- Problem description
One exact copy of the listing is needed. It should contain no pictures.

- Data excerpt
********************

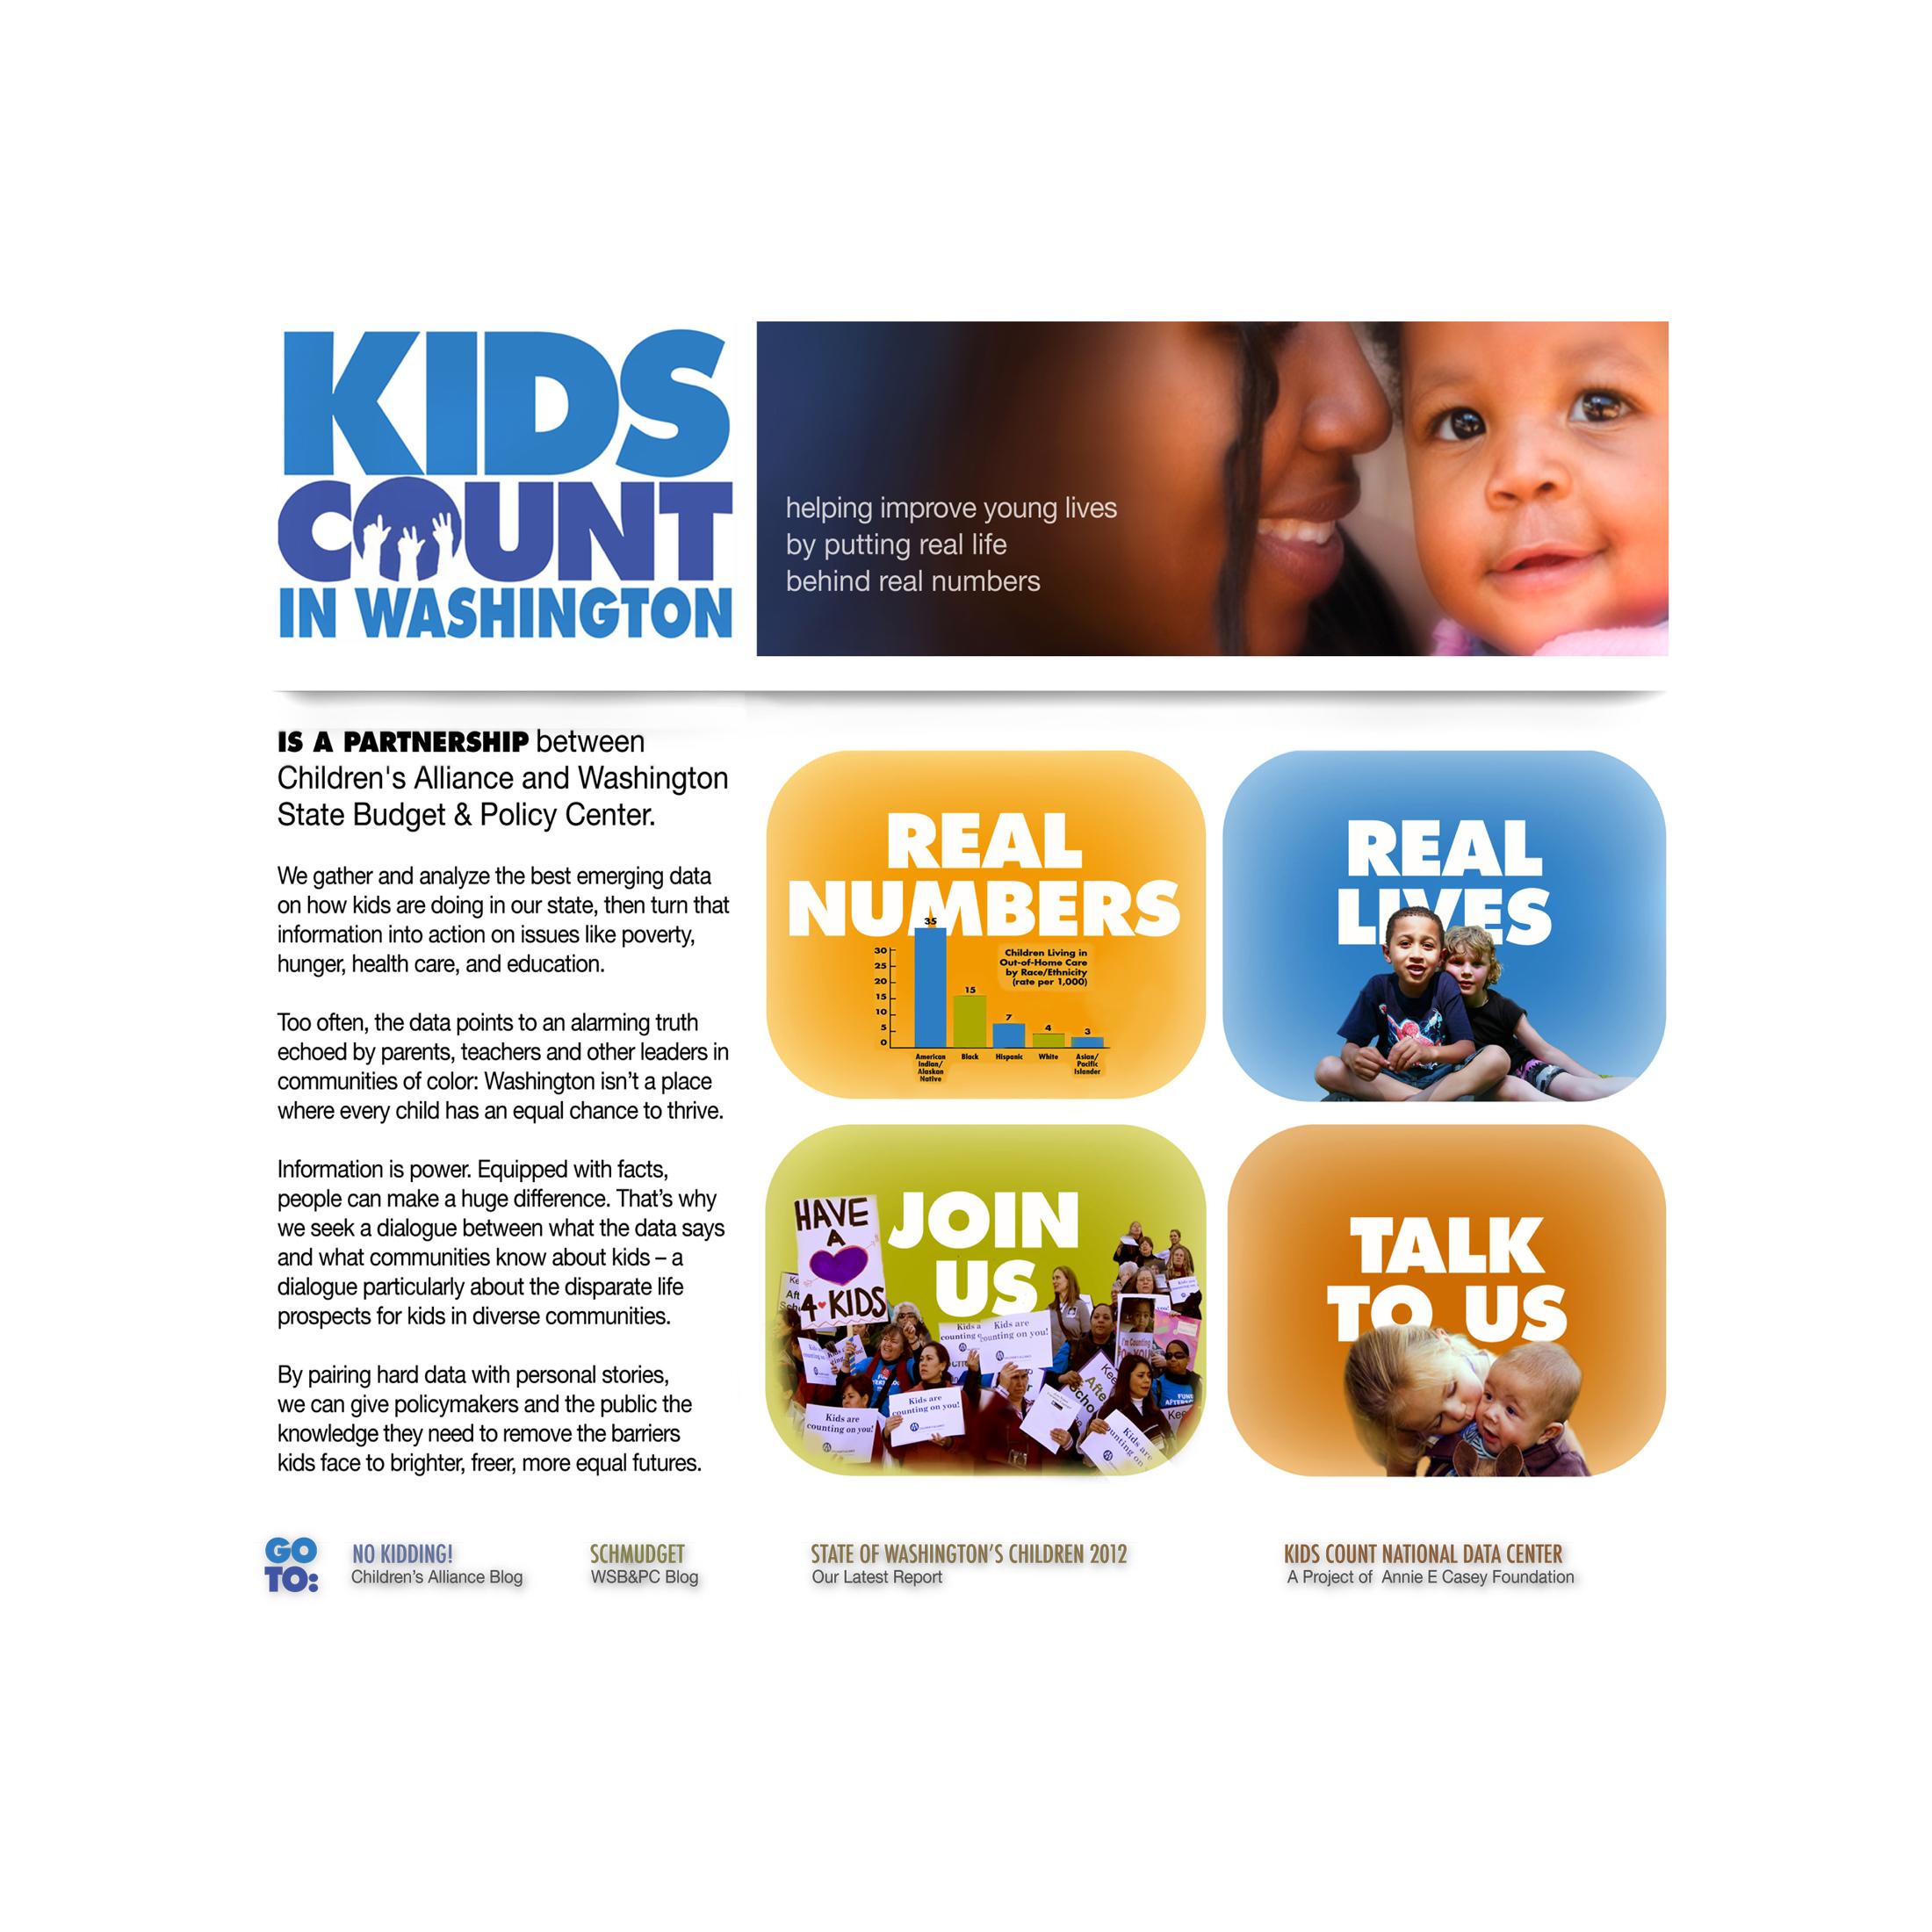 KidsCount_Website.jpg
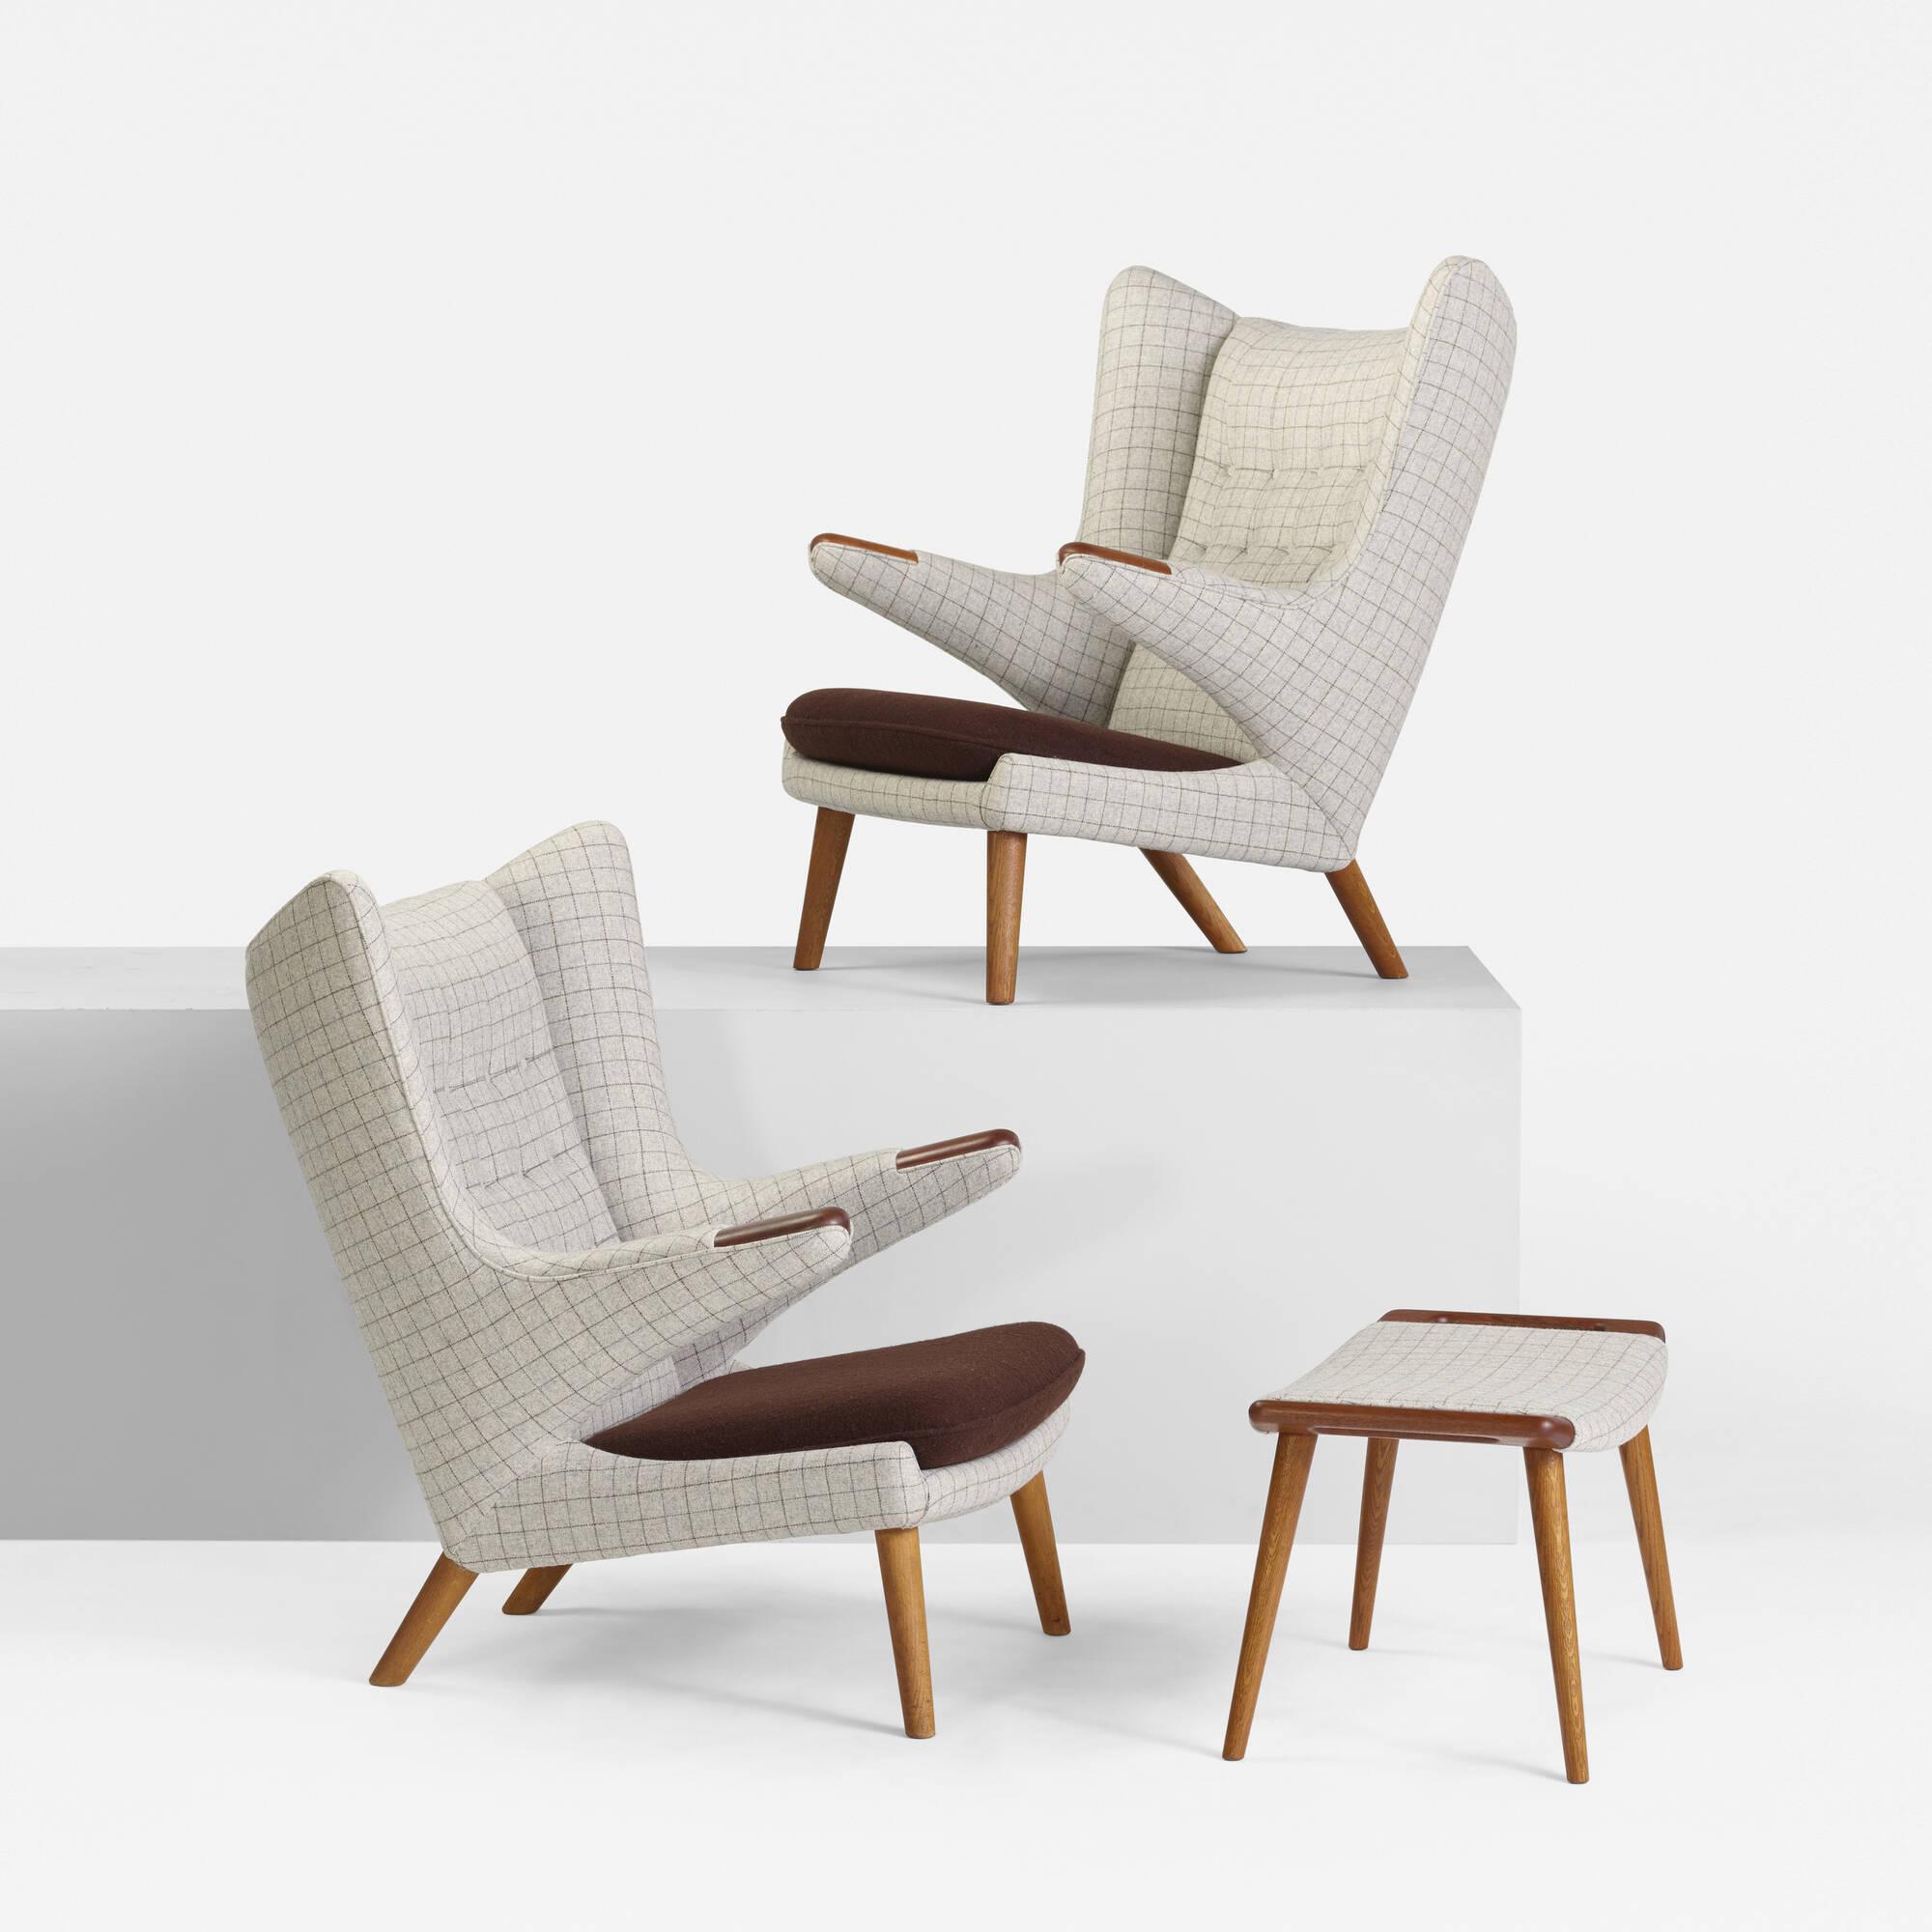 372 Hans J Wegner pair of Papa Bear chairs and ottoman
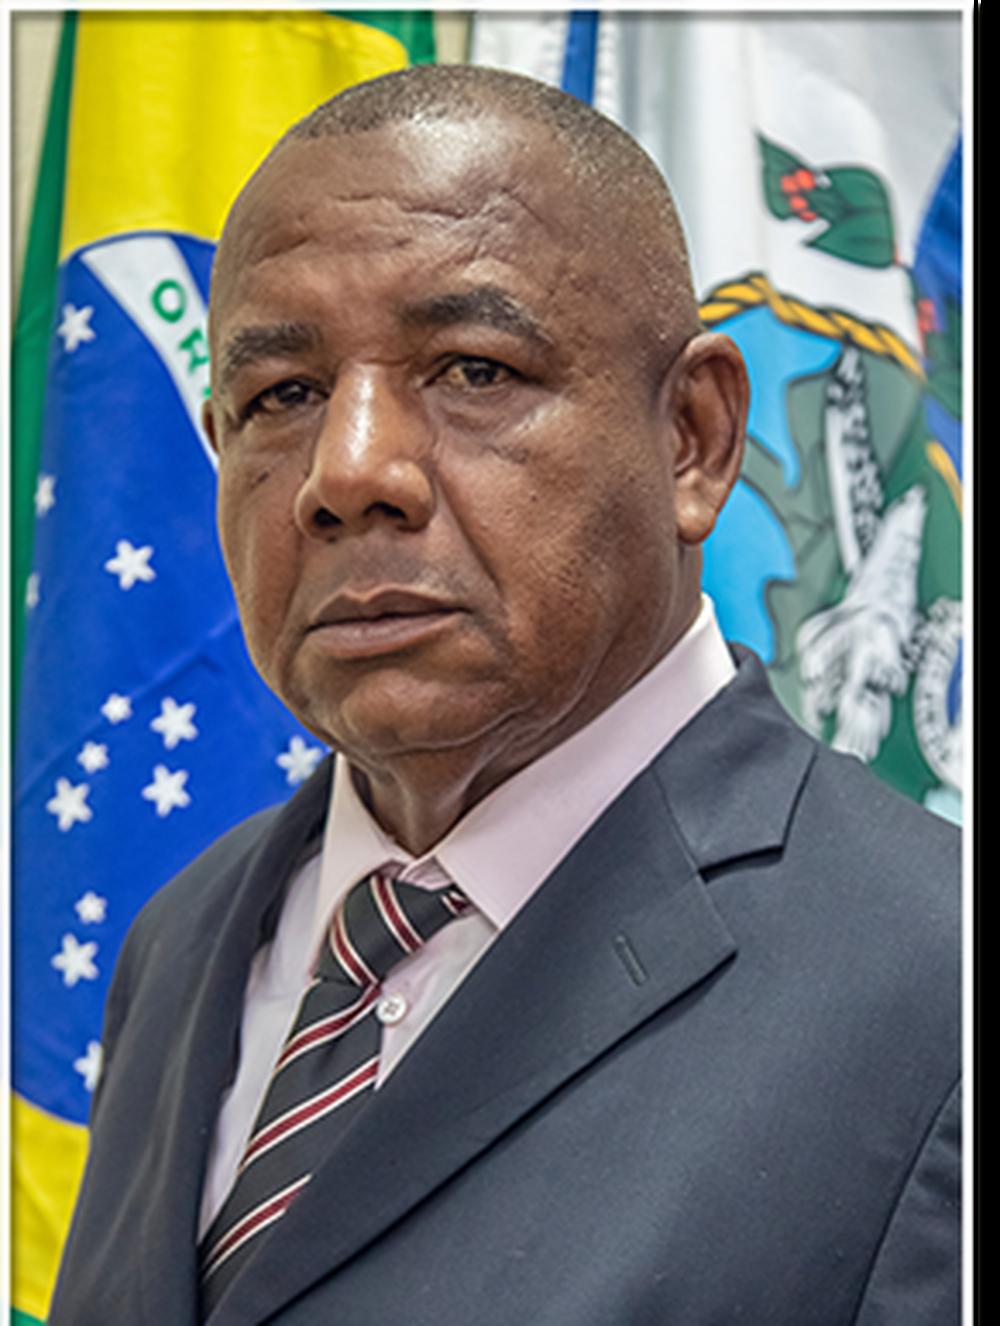 Polícia Civil investiga assassinato de vereador Quinzé, de Duque de Caxias

********************

- The completed task
 KidsCount_Website.jpg
 372 Hans J Wegner pair of Papa Bear chairs and ottoman
 Polícia Civil investiga assassinato de vereador Quinzé, de Duque de Caxias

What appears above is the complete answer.